A549 cells were seeded into 12-well tissue culture plates at a concentration of 5 × 104. The following day they were transfected with 0.3 μg of either pcDNA3 or the pcDNA3-ATF4 expression plasmid using 6 μl of effectene transfection reagent (Qiagen, Hilden, Germany) according to the manufacturer’s instructions. After 24 h, the cells were transferred to fresh medium in a new plate. The following day they were challenged with selection medium containing 300 μg/ml of geneticin (Life Technologies, Inc., Rockville, MD) and incubated for 3–4 weeks. Several transfectants that overexpressed the ATF4 gene were selected. These transfectants, referred to as A549-ATF4, were maintained in the presence of 300 μg/ml of geneticin.
Results and Discussion
ATF4 Expression Is Cisplatin-Inducible and Up-Regulated in Cisplatin-Resistant Cell Lines.

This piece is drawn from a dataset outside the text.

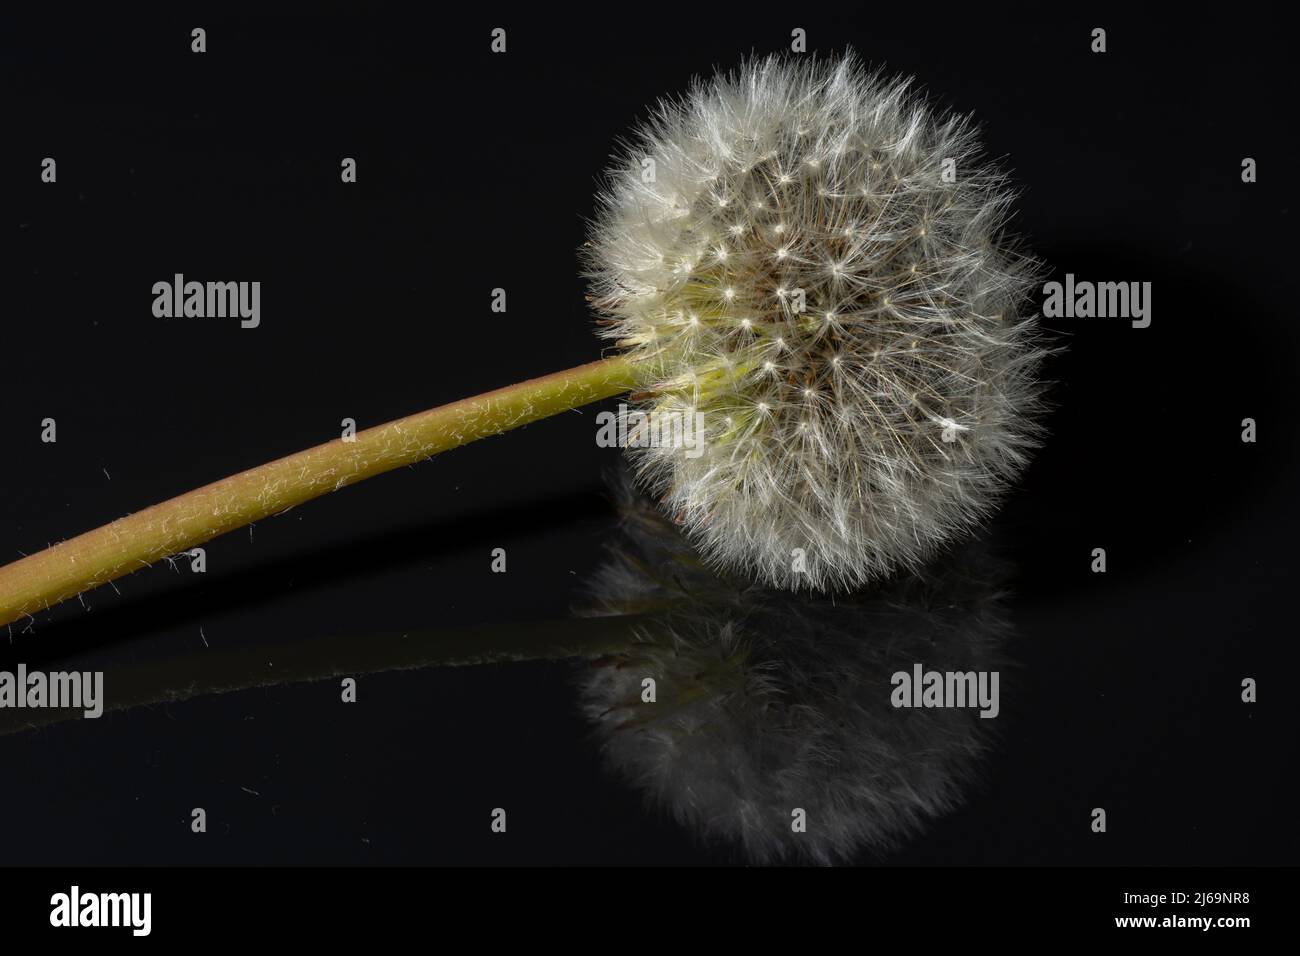 Dandelion (Taraxacum)  blowball or seed head on reflective black background. Close up. Stock Photo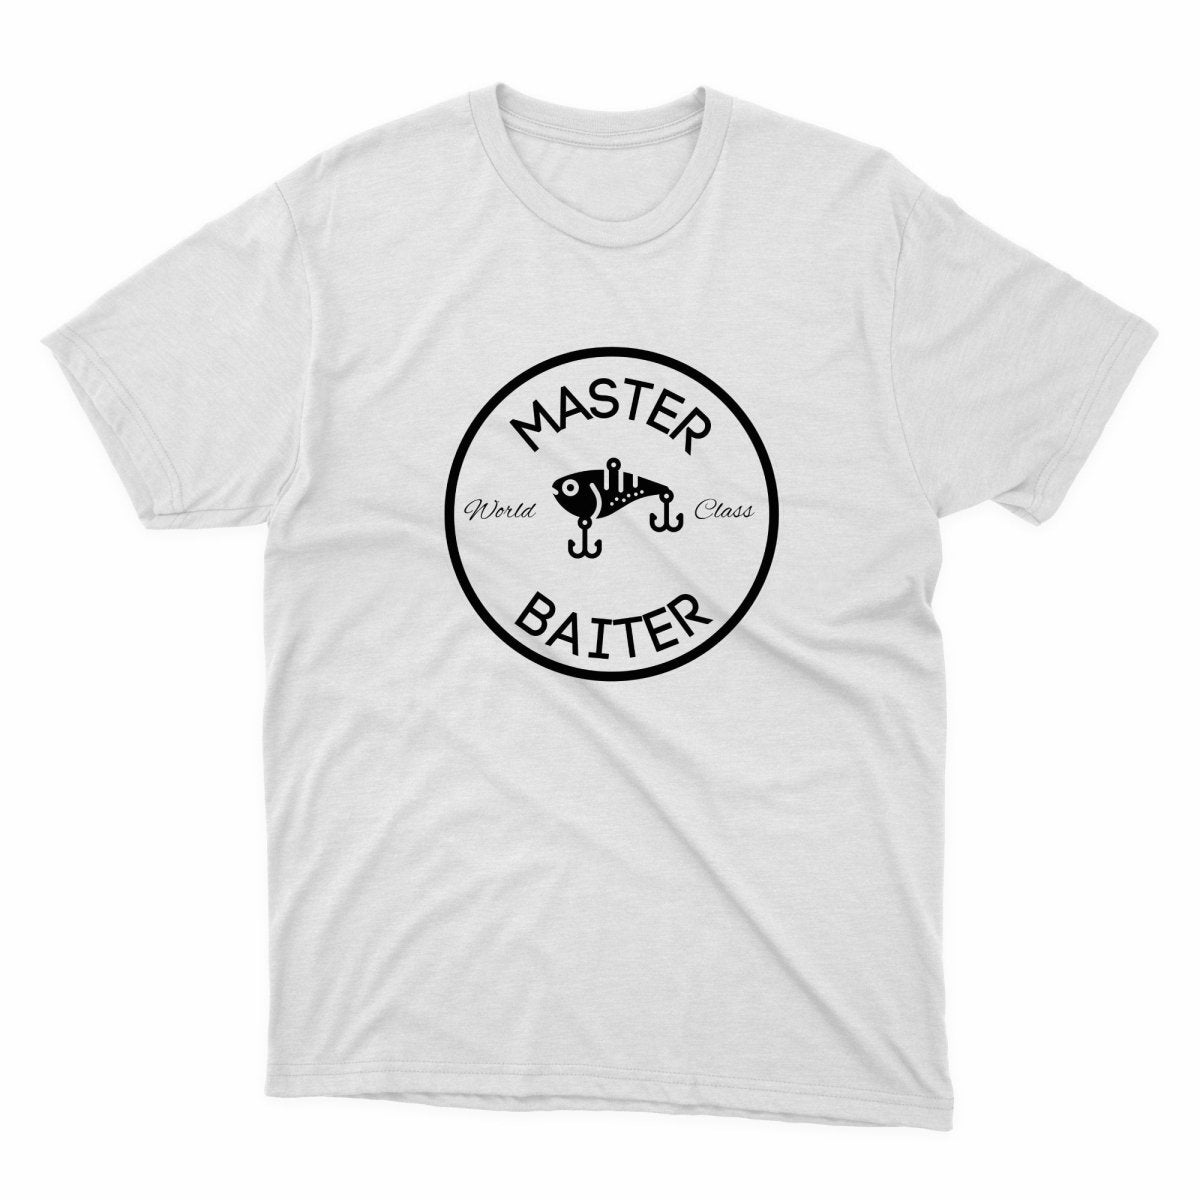 Master Baiter Shirt - stickerbullMaster Baiter ShirtShirtsPrintifystickerbull22354914592893582195WhiteSa white t - shirt with a black and white logo

To isolate cisplatin-inducible genes, we performed differential display on total RNA from paired untreated and cisplatin-treated KB cells (9). Sequence analysis of the cisplatin-inducible cDNA clones showed that one was identical to the ATF4/CREB2 gene, and Northern blot analysis demonstrated that this ATF4 mRNA was induced ∼5-fold by cisplatin treatment after 24 h (Fig. 1,A). ATF4 (Mr 39,000) protein levels also increased (Fig. 1,B). In addition, ATF4 mRNA was up-regulated >2-fold in two independently isolated cisplatin-resistant cell lines, and ATF4 protein was ∼3- to 5-fold higher (Fig. 1, C and D). These data suggest that ATF4 is involved in cisplatin resistance.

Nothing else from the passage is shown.